## Task requirements
Once the images are set aside, output the listing exactly as it stands.

## Supplied information
###

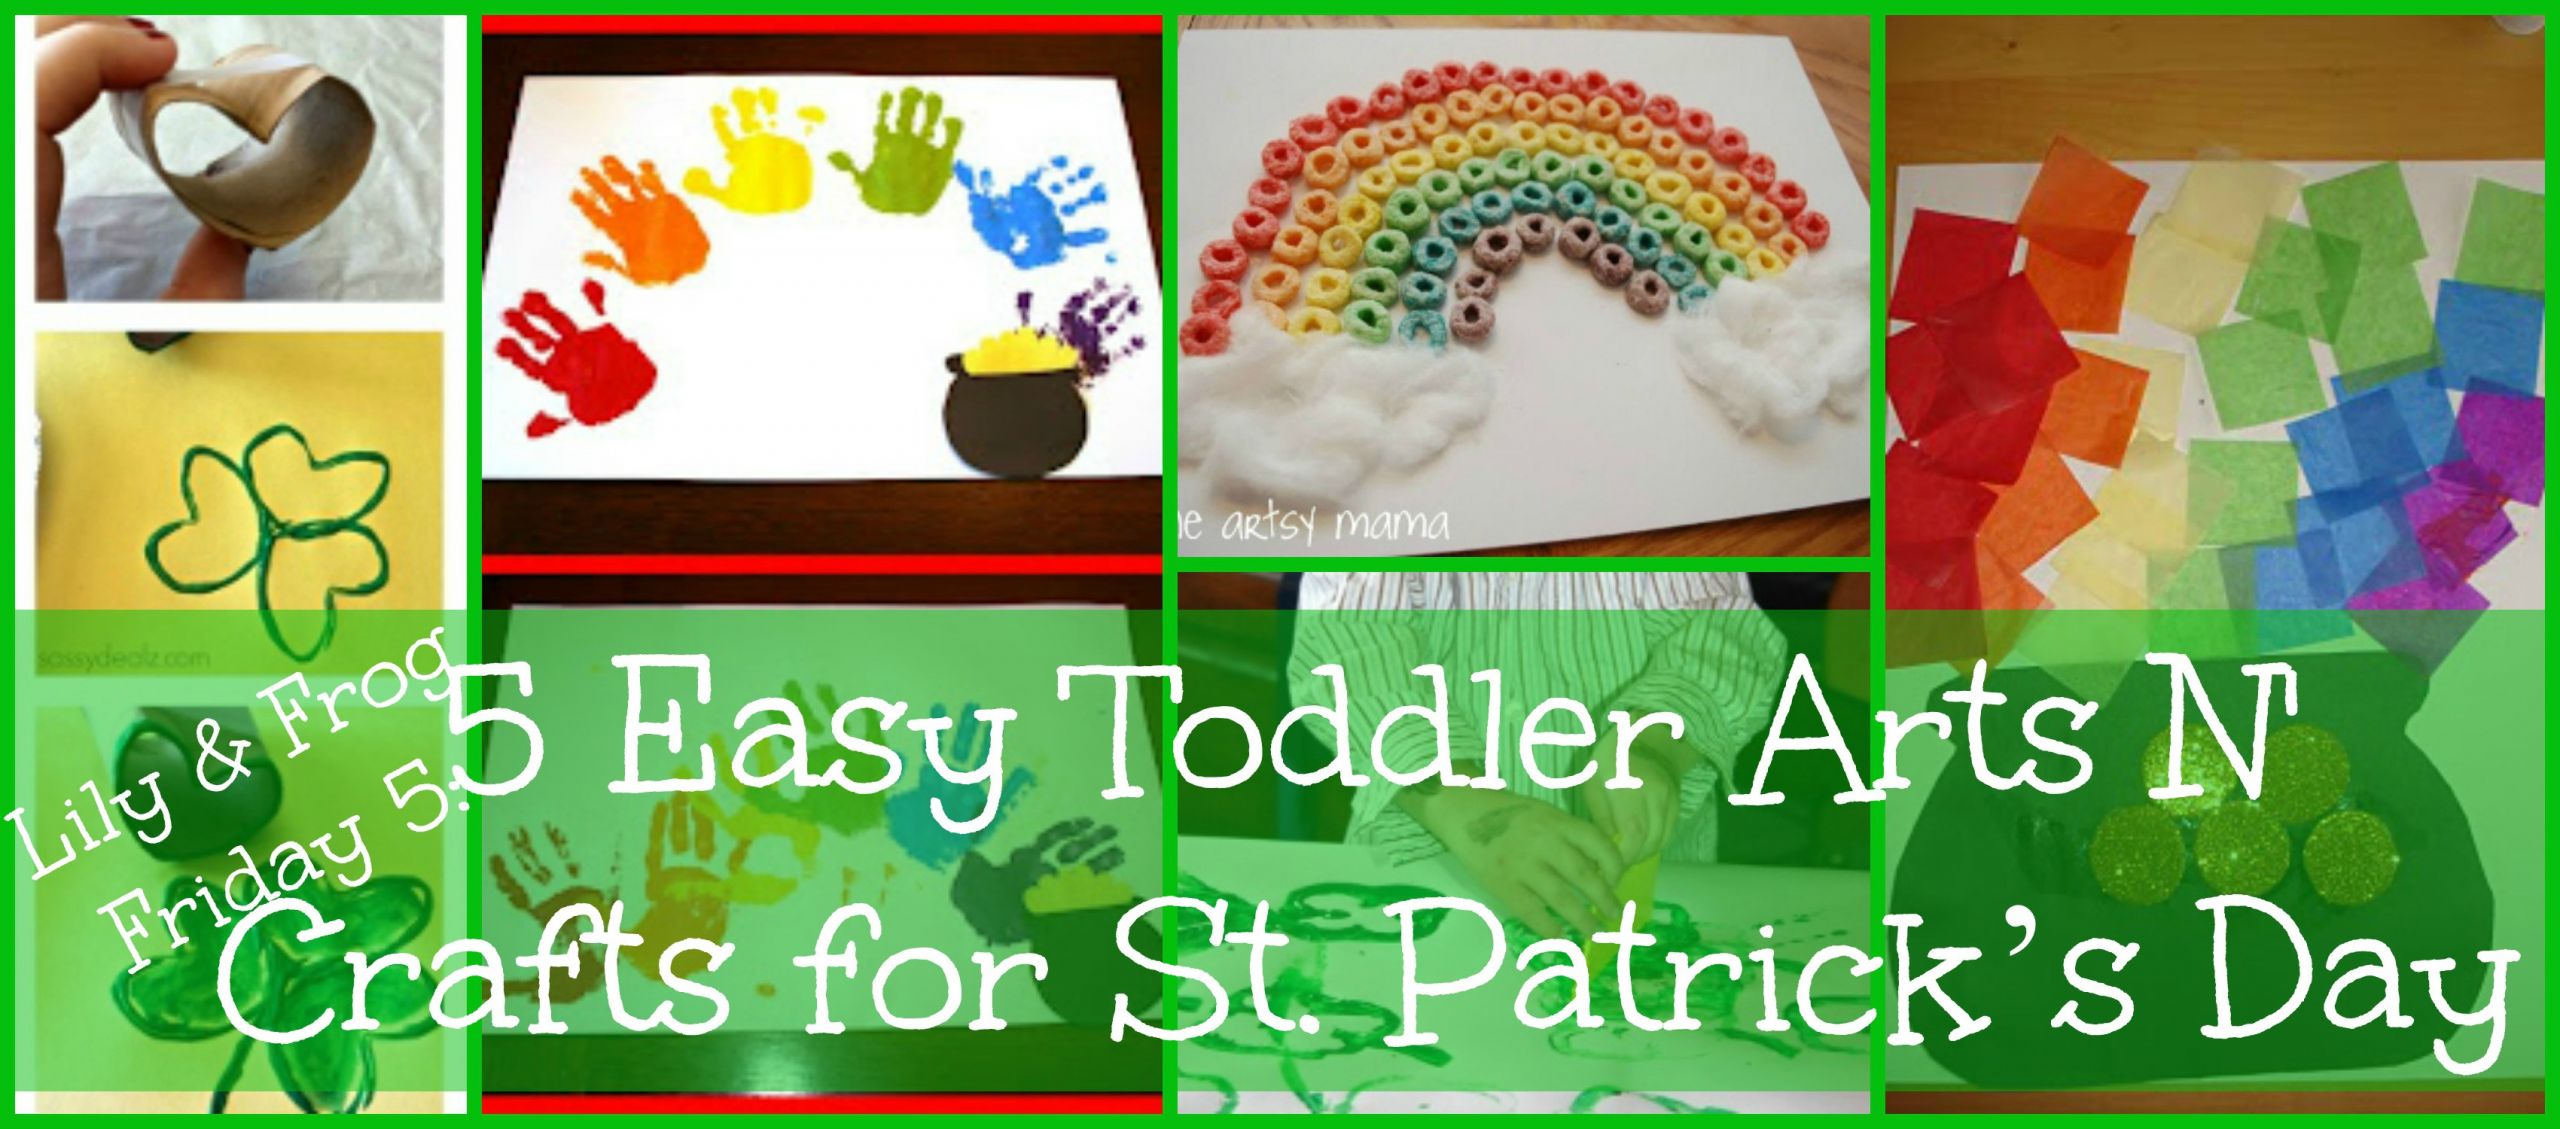 Arts N Crafts For Toddlers
 Lily & Frog Friday 5 5 Easy Toddler Arts N’ Crafts for St
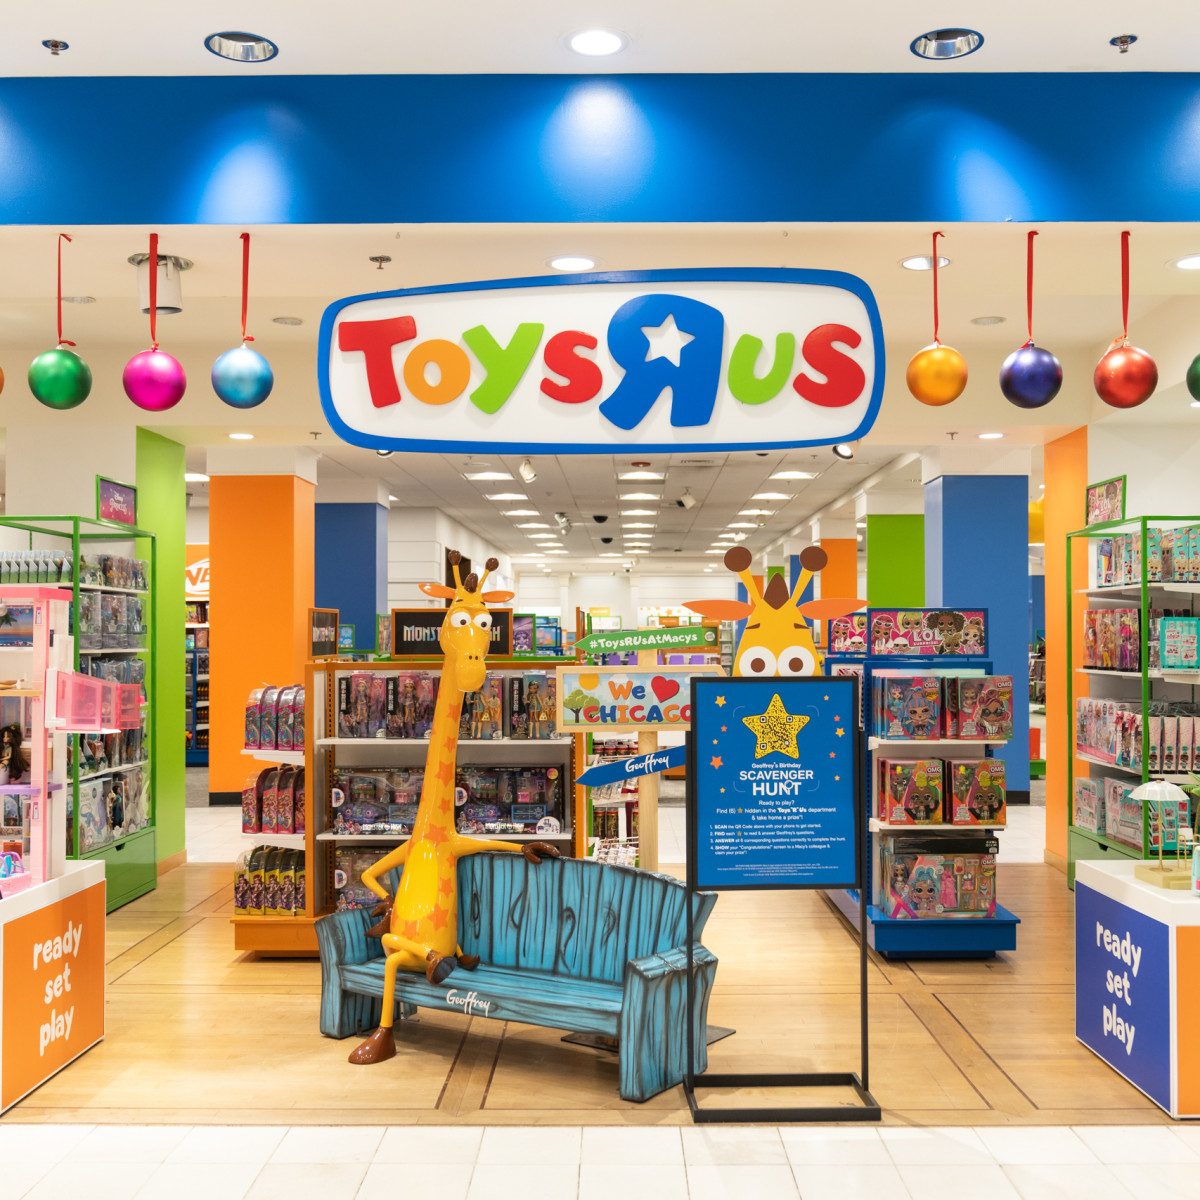 Inside The New Toys R Us Store, Which Combines Tech With Old-Fashioned Play

###

## Task solution
 Arts N Crafts For Toddlers
 Lily & Frog Friday 5 5 Easy Toddler Arts N’ Crafts for St
 Inside The New Toys R Us Store, Which Combines Tech With Old-Fashioned Play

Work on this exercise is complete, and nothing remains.